27 January 2011

Parkinson's Law

Parkinson's Law is the adage first articulated by Cyril Northcote Parkinson as the first sentence of a humorous essay published in The Economist in 1955.

The rule (which is not a law at all but an insightful observation, like Murphy's Law or Clarke's Law) is that work expands so as to fill the time available for its completion.

If you've ever been in an Army garrison you know how close to a law of physics that can be.

Parkinson arrived at his conclusion after working for the British Civil Service. Government jobs, man. Seriously, I travel by air about once a week, and I have long ago stopped to be amazed, but continue to be frustrated, by the sheer number of TSA personnel just standing around. It's monstrous!

Soldiers stand around a lot, too, but their job is different in many respects; for one, it is the military's job to be on standby in case of invasion.

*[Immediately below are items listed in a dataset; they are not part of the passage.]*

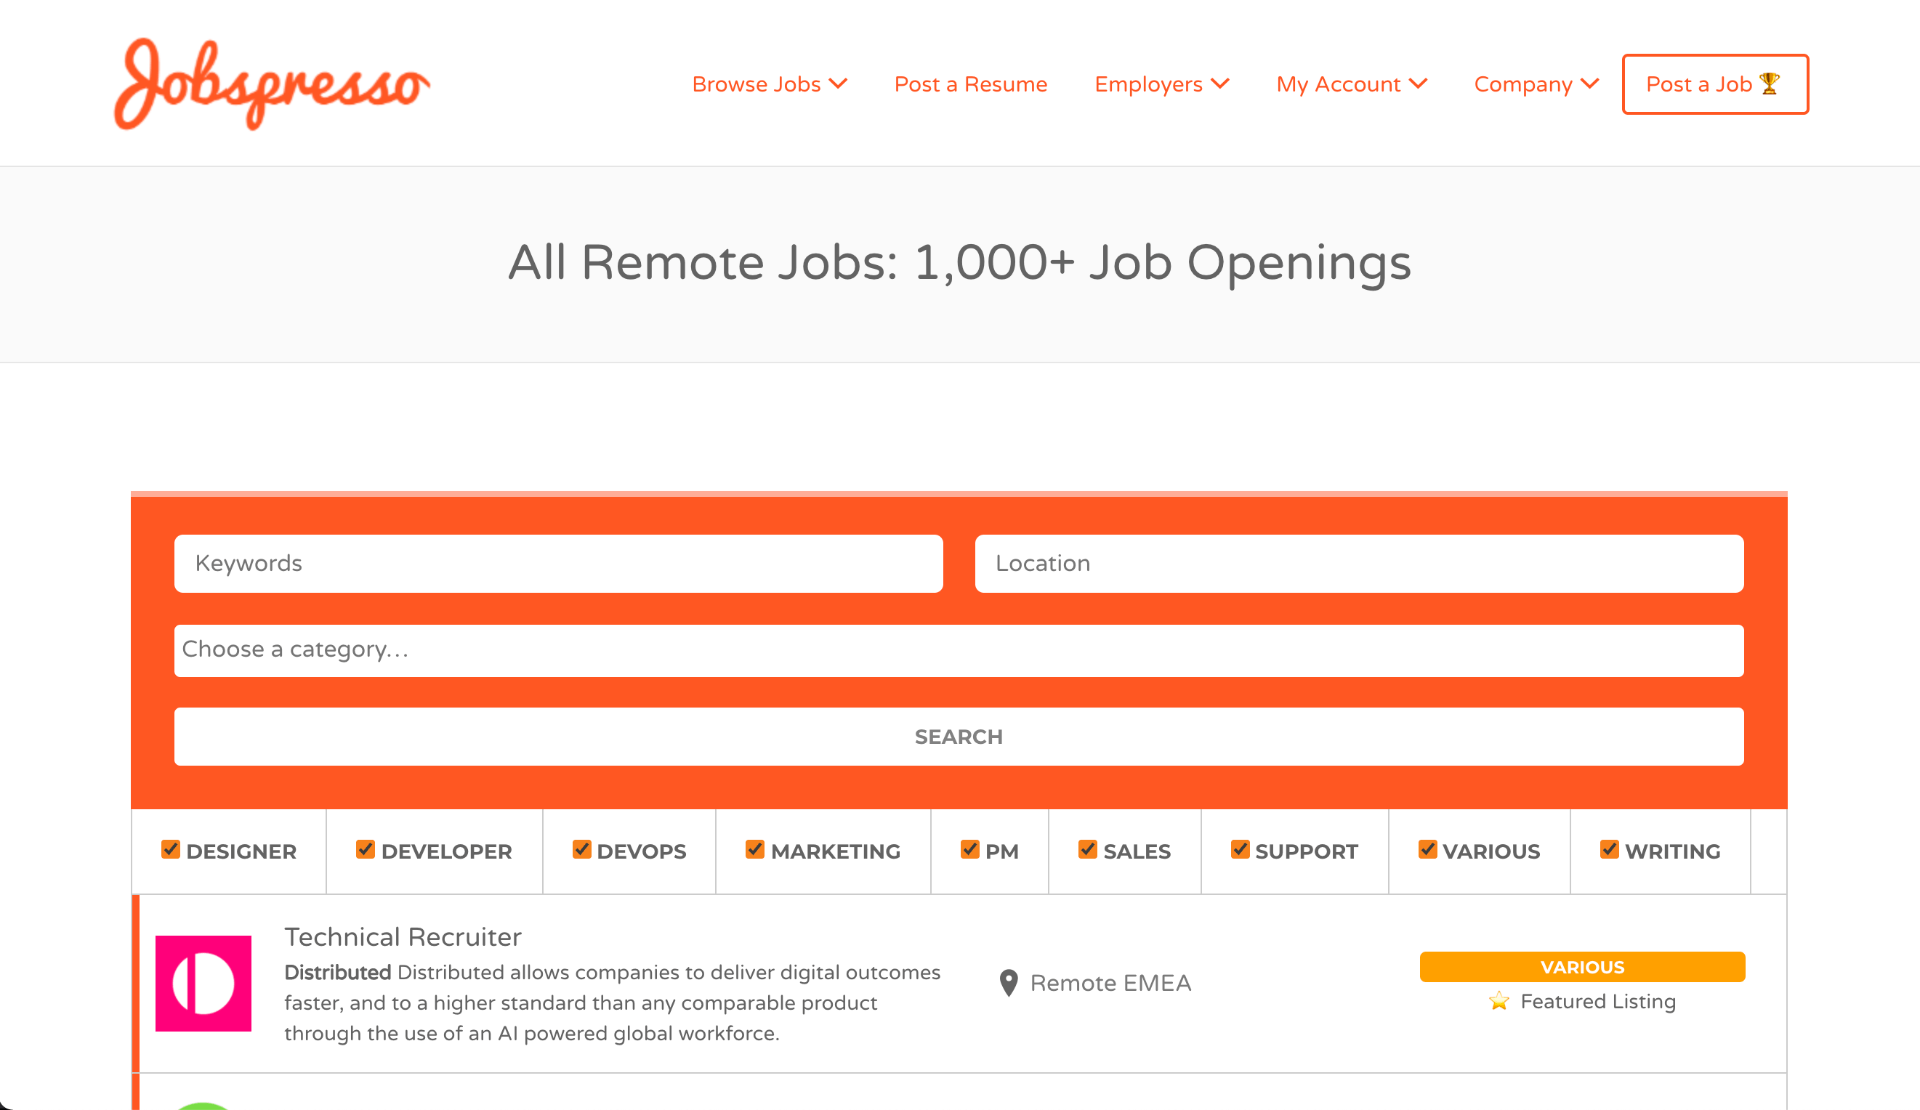 Jobspresso - Look for Online Jobs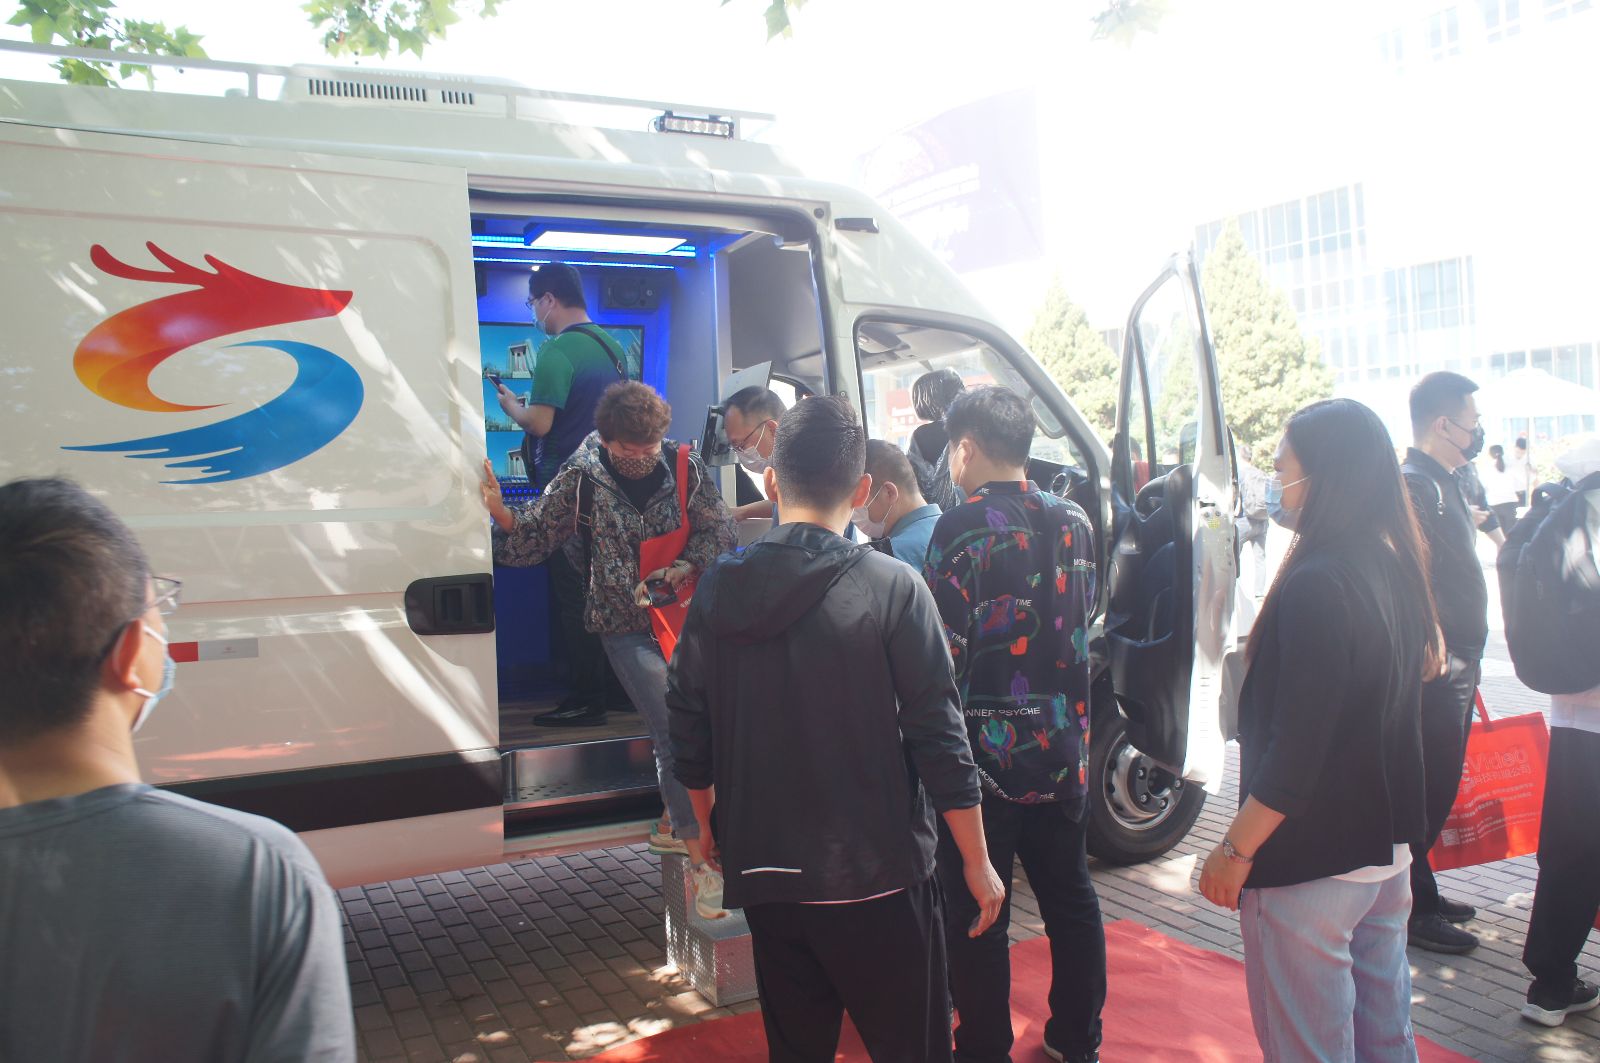 北京科锐广视公司携最新打造的 4K+5G 融媒体直播车、新媒体 IP 化 4K 超高清直播车参加了此次会展。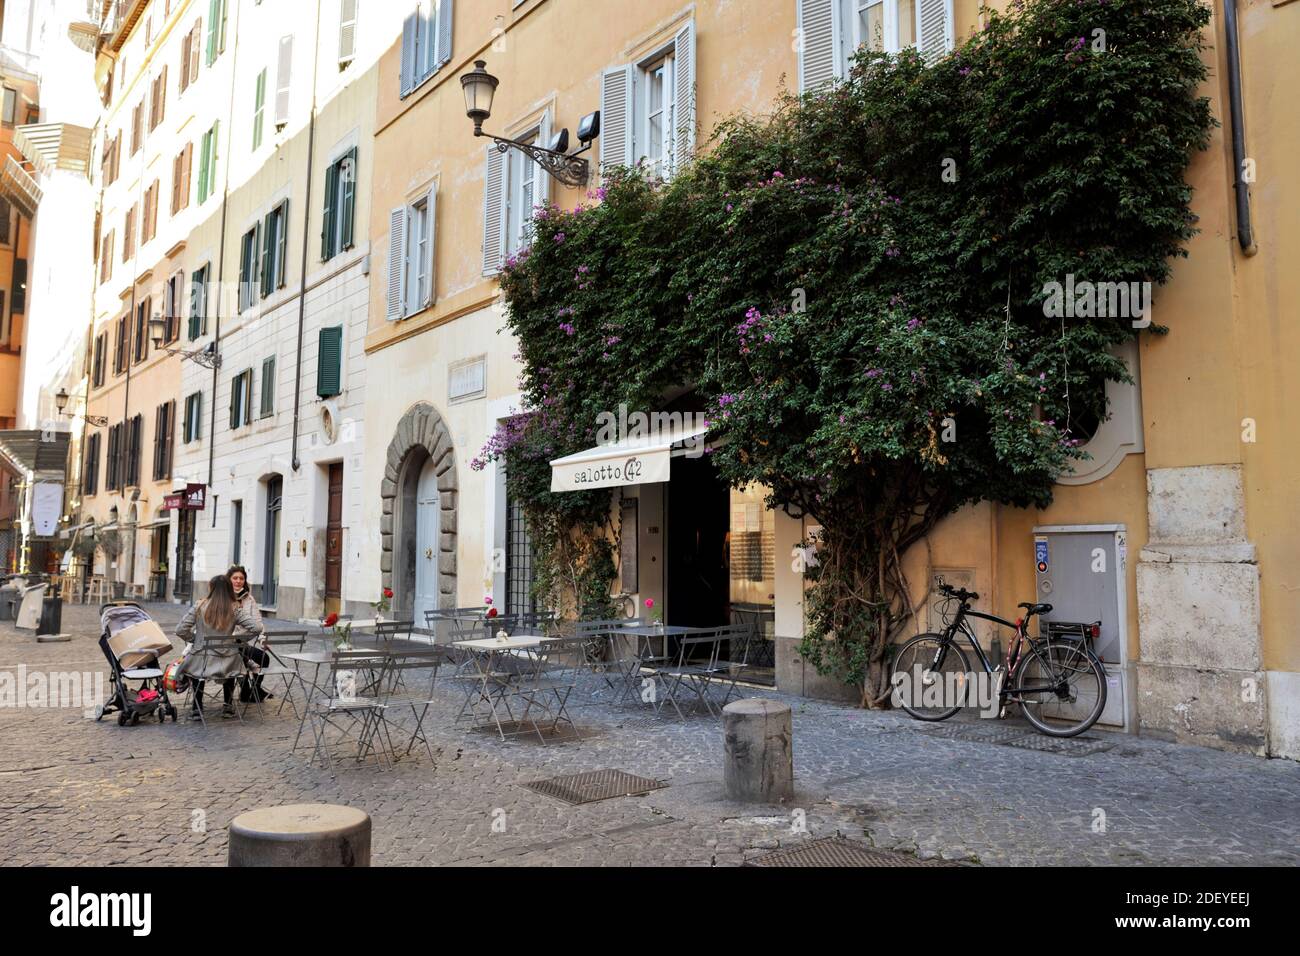 Italy, Rome, Piazza di Pietra, Salotto 42 cafe Stock Photo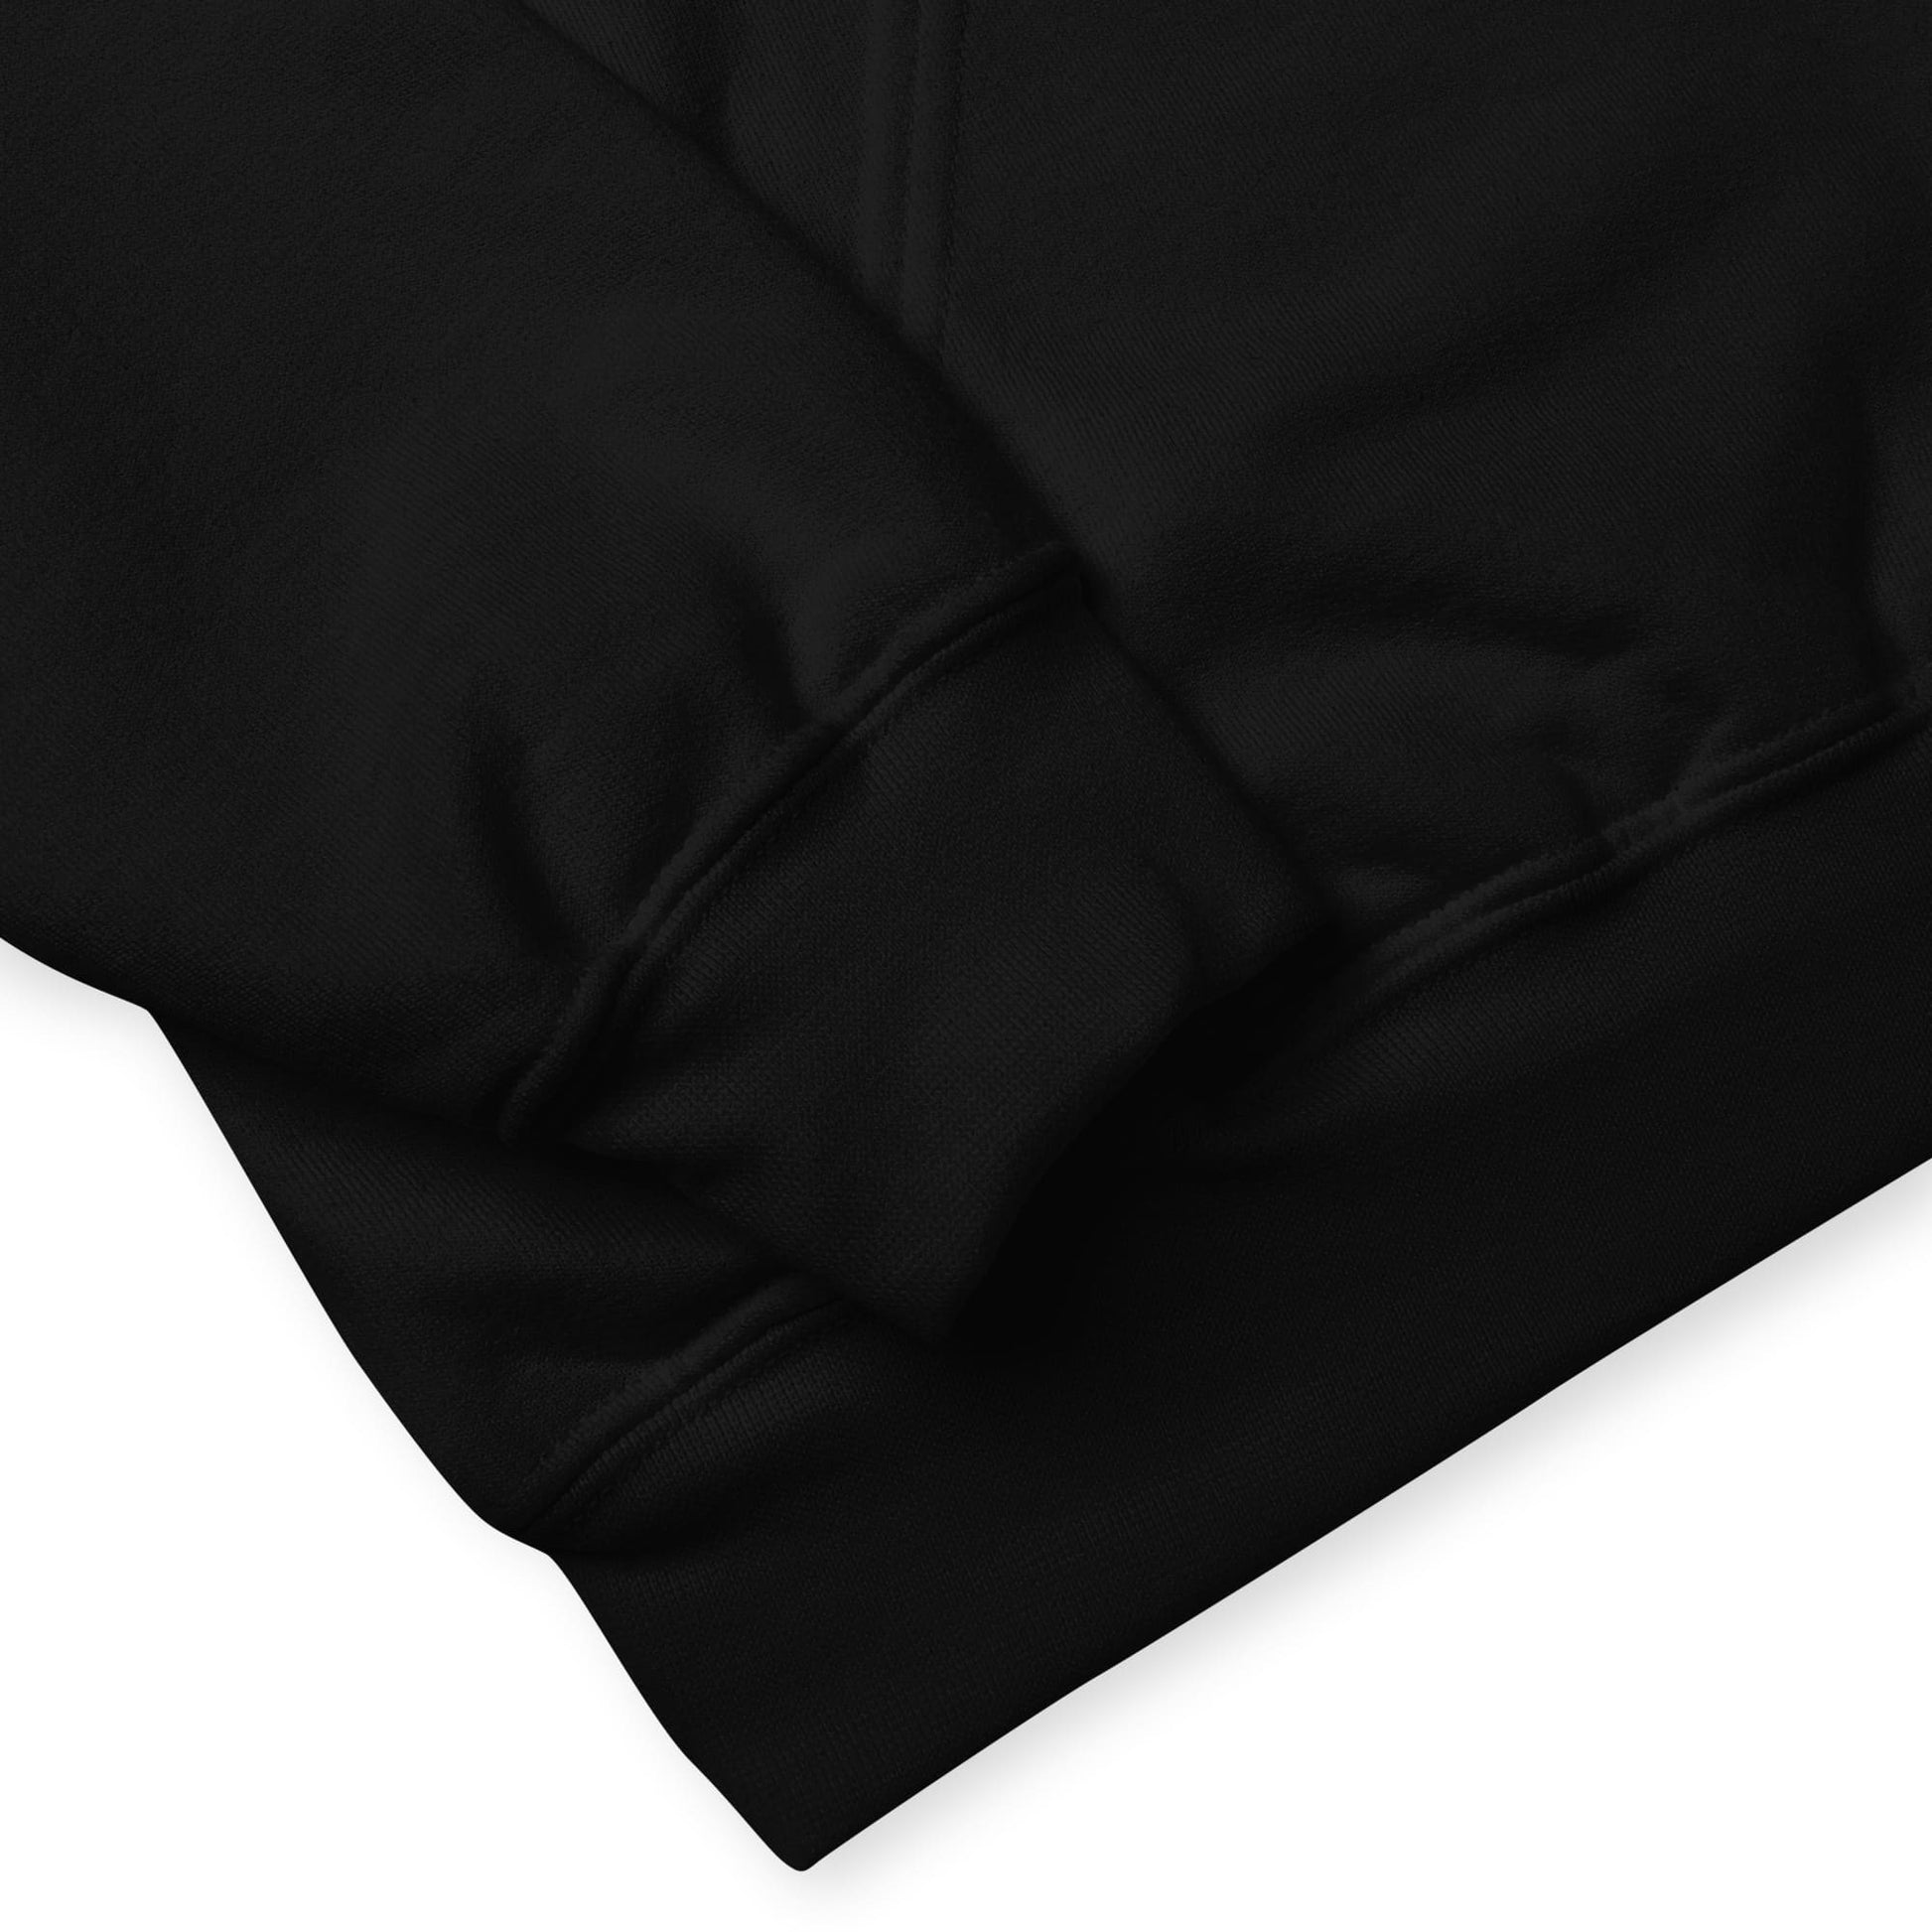 demigirl hoodie, subtle demigender pride flag embroidered pocket design hooded sweatshirt, sleeve

Nevertheless, the Army could be doing a lot more with its idle time, but it is subject to Parkinson's Law, of which there are several offshoots equally applicable.

In a later book, Parkinson's Law: The Pursuit of Progress, he describes how bureaucracies expand over time. A humorous anecdote to support his idea is the reported fact that the British Colonial Office had more employees when the empire had its fewest colonies.

Two factors contribute to the phenomenon, according to Parkinson:

1. "An official wants to multiply subordinates, not rivals" and
2. "Officials make work for each other."

Now, what if we substitute the word, "officer" for "official?"

I knew I wouldn't need to say more.

To its credit, the military is the best federal institution that has done any meaningful downsizing. But at the unit levels, these laws are in full force.